Aside from the many industries relying on navigation systems, individuals are becoming dependent on them, too. Take location based services for example, such as cell phone emergency calls. According to the legal requirements, this service has to provide better-than-100m accuracy.
We can also expect significant improvements of in-vehicle navigation systems. The goal is to come to solutions that will provide updated traffic information, collision warnings, adaptive cruise control, etc.
Therefore, GNSS technology in 2016 and beyond will have a consumer focused emphasis. Navigation, surveying, and mapping will be accompanied by this emphasis as "end users" of satellite navigation systems.
GNSS technology in the future
All of the world’s GNSS providers are working on developing and improving the entire system by improving their own systems.

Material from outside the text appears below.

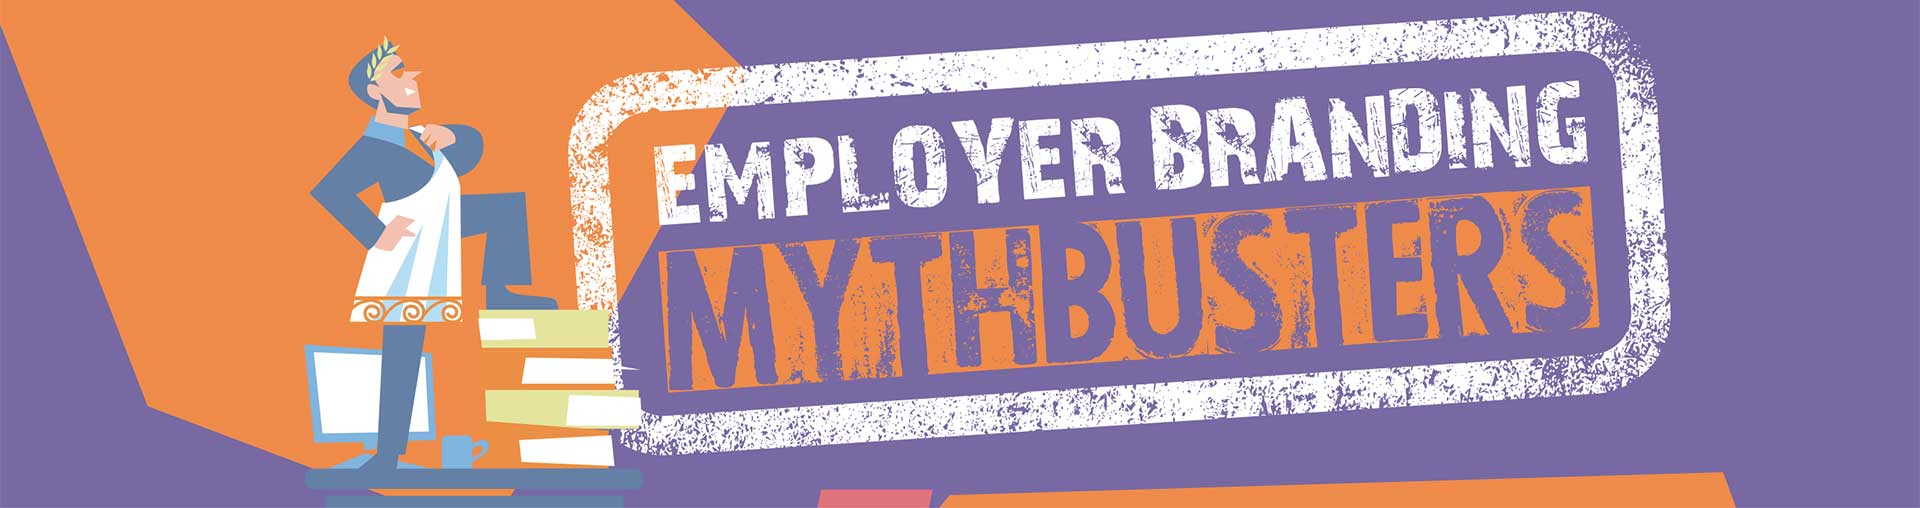 Employer Branding Mythbusters

Let’s see what they have planned for the future.
Europe’s Galileo program will launch initial services such as encrypted Publicly Regulated Service (PRS) and the civil Open Service (OS) signals by the end of the year. They were first scheduled for last year, but got delayed because of some launch setbacks. The Commercial Service will be partly introduced to receiver manufacturers. This will open up an opportunity to test the equipment with ground based signals.
According to officials, in order to declare initial services, it will be necessary to test them with twelve on-orbit Galileo satellites. At the moment, there are nine healthy spacecraft on orbit. The next launches are planned for May and October. The first scheduled launch is a dual launch, while the second one will be a modified Ariane 5 carrying four Galileo satellites.
In October, we will also witness the introduction of the Galileo search and rescue (SAR) service. It will be integrated into the existing global SAR system COSPAR/SARSAT. Future plans include the construction of eight more Galileo satellites to be deployed in 2020.
China’s BeiDou is currently transitioning from Phase II to Phase III. The next phase will take place in the second half of 2017. It will consist of testing and validation of new signal structures and frequencies. In the meantime, they will be using coexisting Phase II/III signals.
They have also launched five new generation satellites, with a plan to additionally launch a constellation for the global system by 2020. The constellation will consist of 27 middle-Earth-orbiting (MEO) satellites, five geostationary (GEO) satellites, and three inclined geostationary (IGSO) satellites. The first GEO satellite is scheduled for 2018. Before this satellite constellation is launched, there will be a new interface control document (ICD) published for open signals.
Regarding the GLONASS program, the news include continuation of the existing activities for modernization of space and ground segments. Program officials emphasize their work related to the solutions for advanced control of new-generation satellites. They contain two cesium and two rubidium atomic frequency standards on board the spacecraft.
Another interesting thing to note is that the GLONASS system time will be synchronized with the coordinated universal time (UTC-SU). The synchronization will be implemented at a less-than-two-nanoseconds difference.
There is no doubt that GNSS technology advancements will bring a plethora of options for both business and commercial uses. As we, at Hemisphere GNSS, are 100% focused on innovation and tailored solutions, we're looking forward to using these advancements to further meet the needs of our clients.